**PROBLEM REQUIREMENTS**: Write out exactly the lines below starting at the one containing "Durante el amanecer" and ending at the one containing "غزة: مهنة المتاعب زادت متاعبها!". Omit every picture.

----- DATA SECTION -----

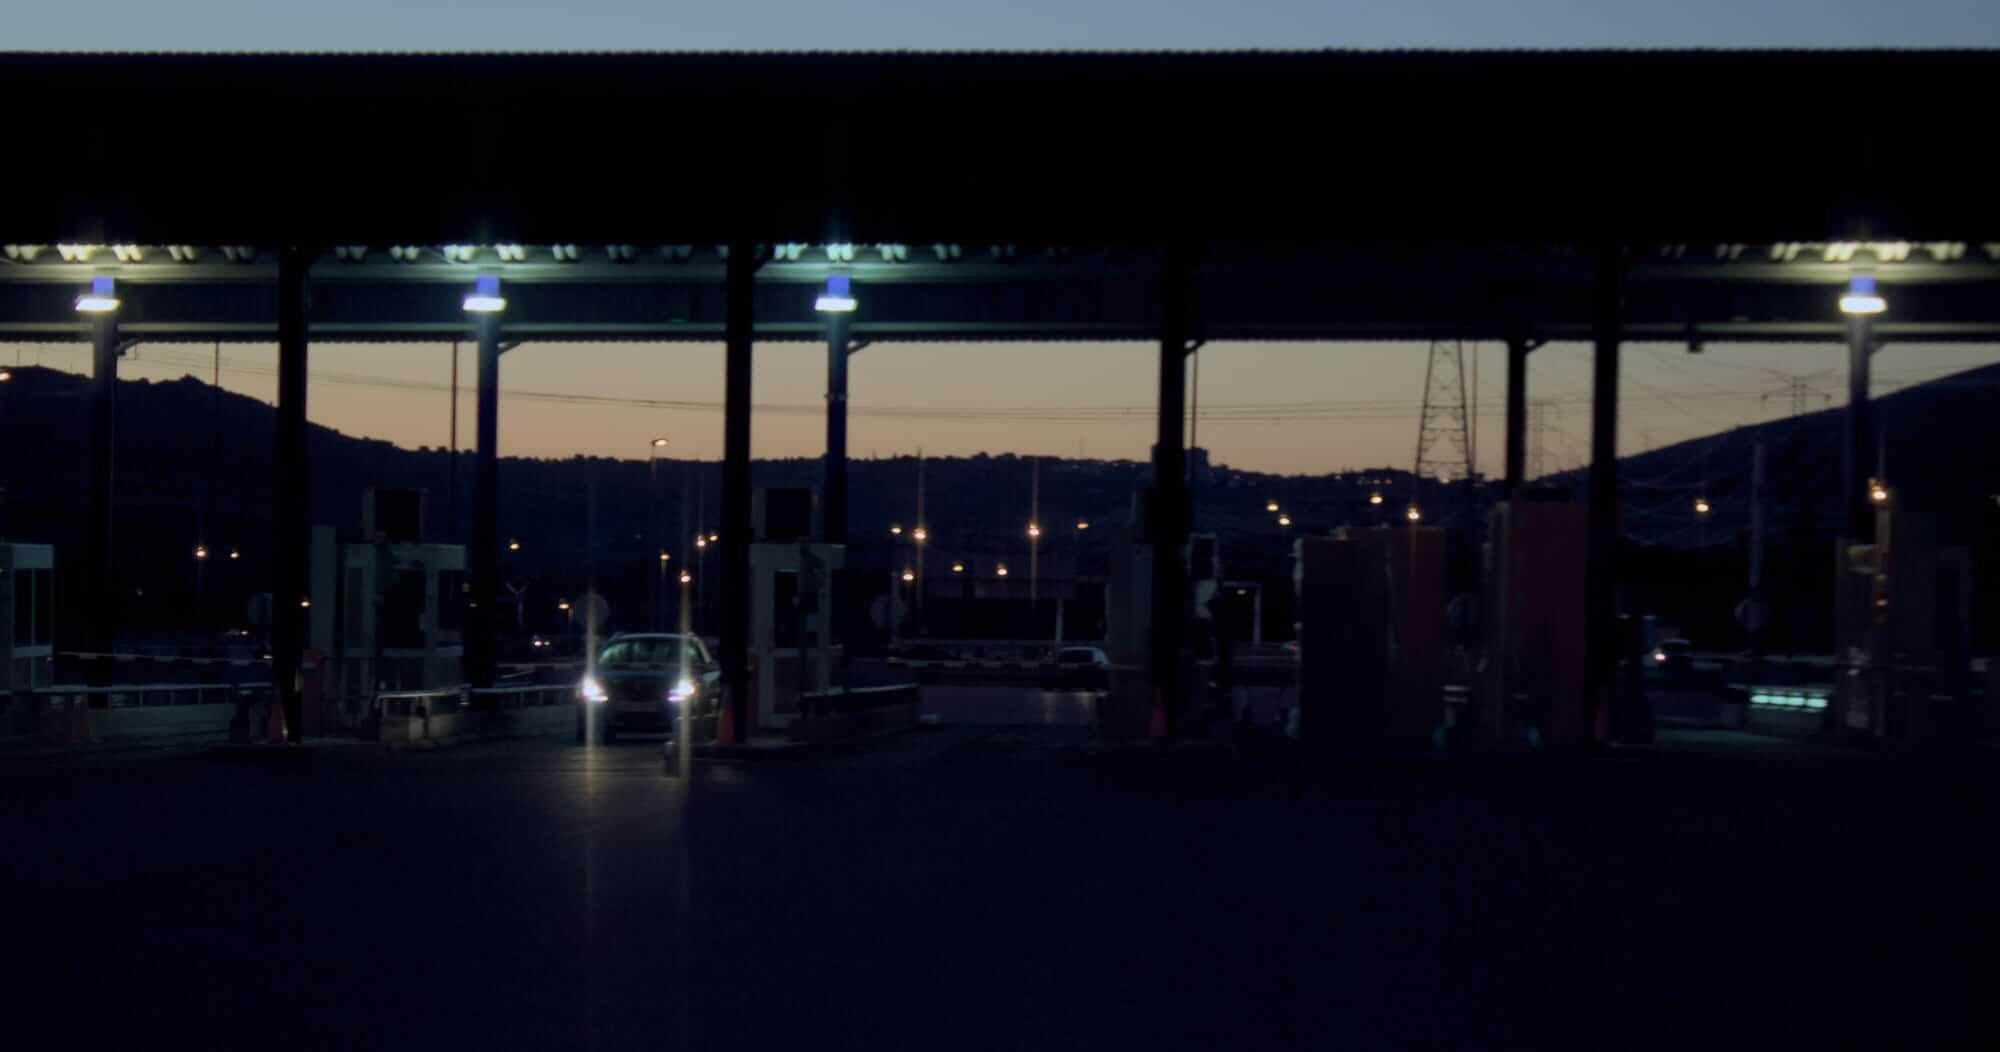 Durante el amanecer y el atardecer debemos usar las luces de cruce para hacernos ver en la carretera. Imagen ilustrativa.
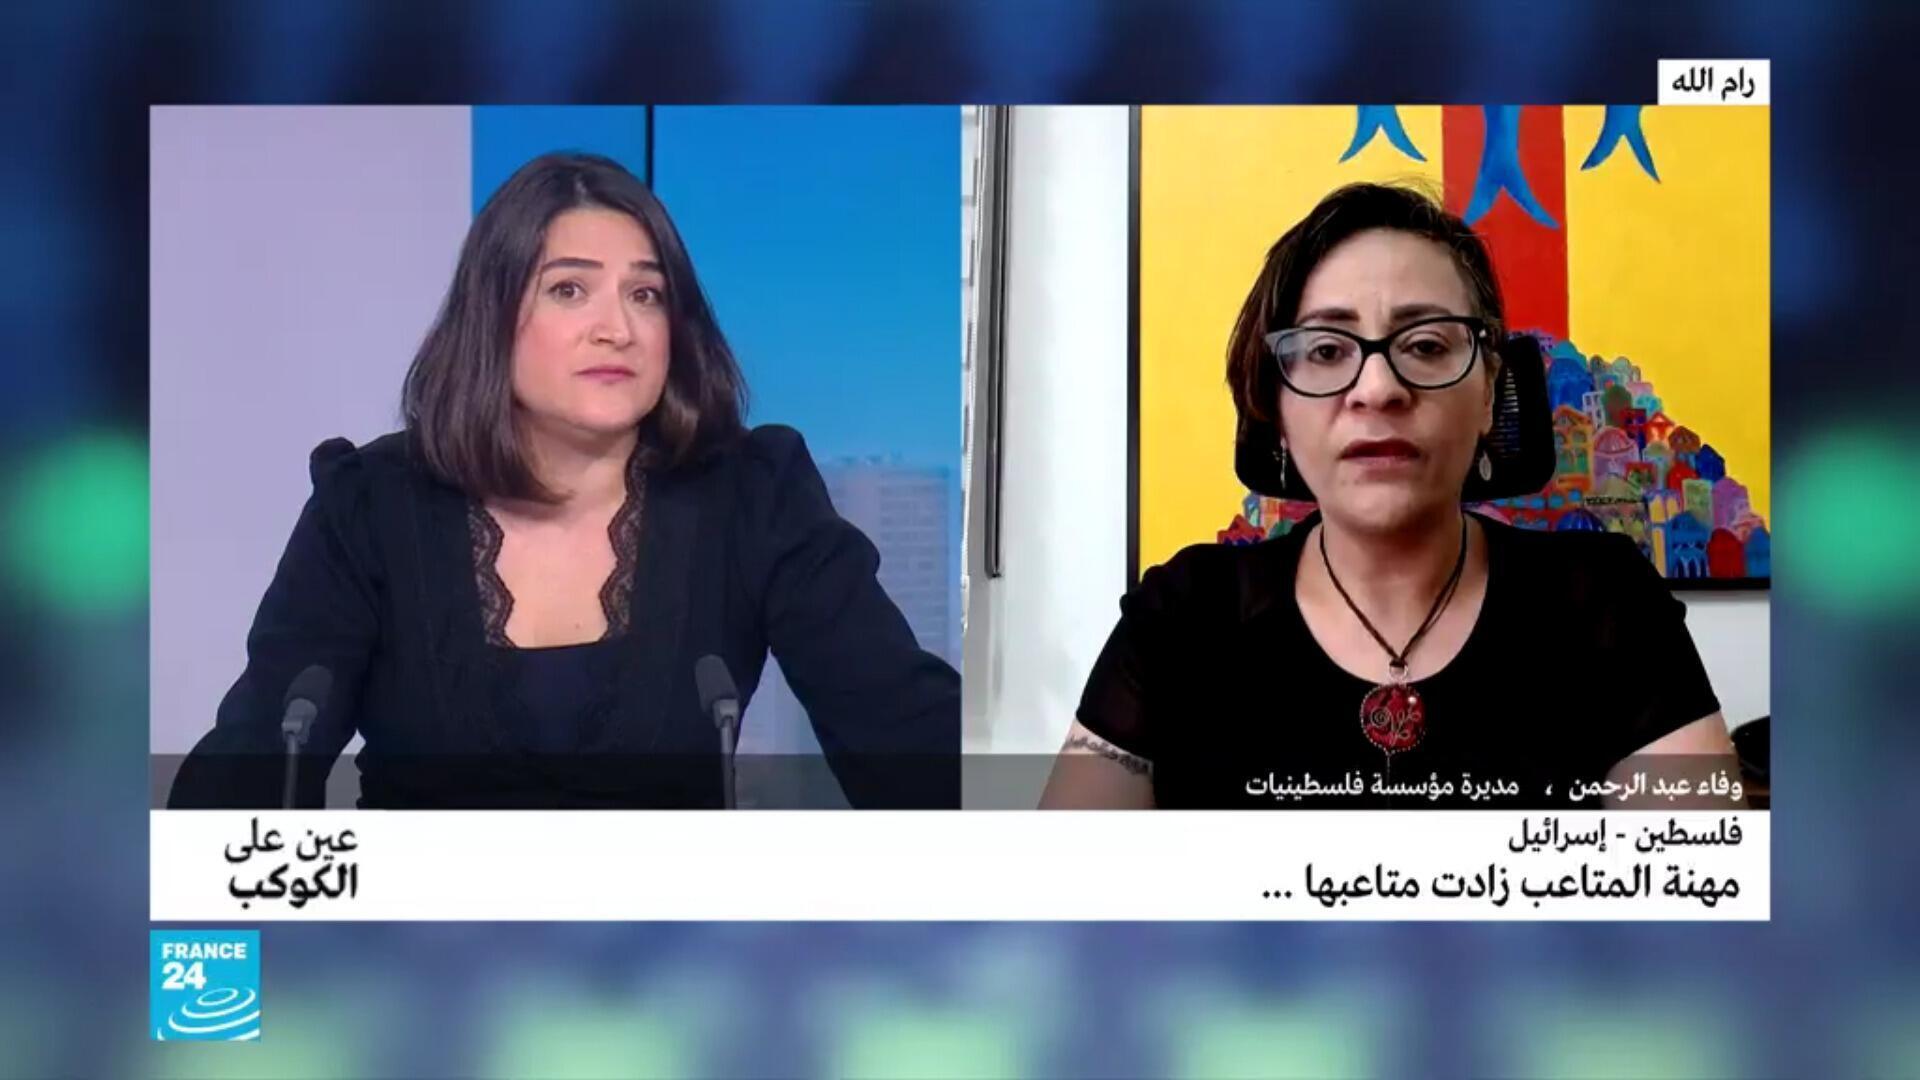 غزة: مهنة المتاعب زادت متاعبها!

-----
----- DATA SECTION -----

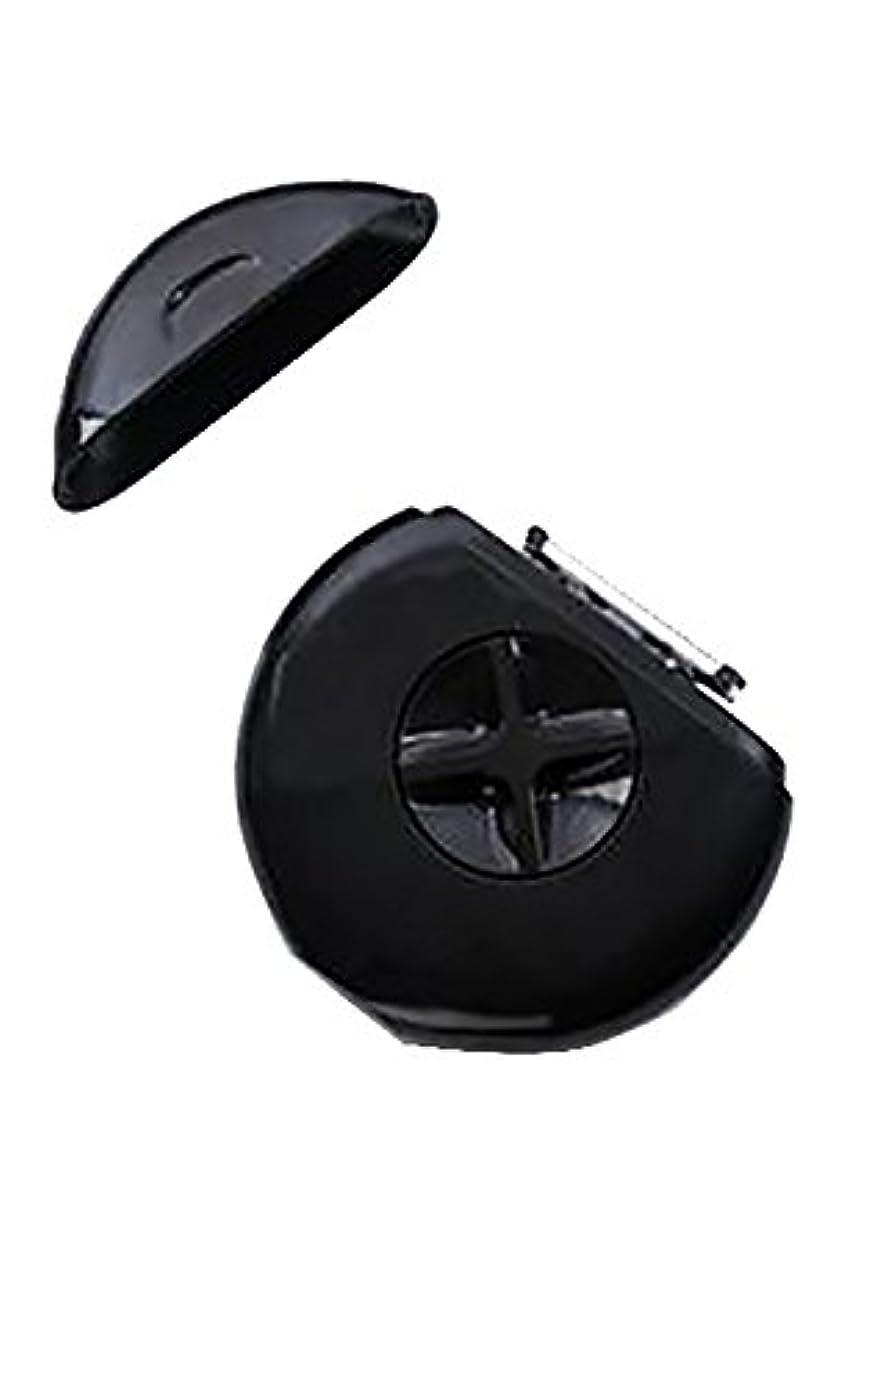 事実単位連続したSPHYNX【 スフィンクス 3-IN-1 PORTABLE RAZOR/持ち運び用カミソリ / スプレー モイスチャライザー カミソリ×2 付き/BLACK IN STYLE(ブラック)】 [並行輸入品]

-----

**ANSWER TO THIS TASK**:
 Durante el amanecer y el atardecer debemos usar las luces de cruce para hacernos ver en la carretera. Imagen ilustrativa.
 غزة: مهنة المتاعب زادت متاعبها!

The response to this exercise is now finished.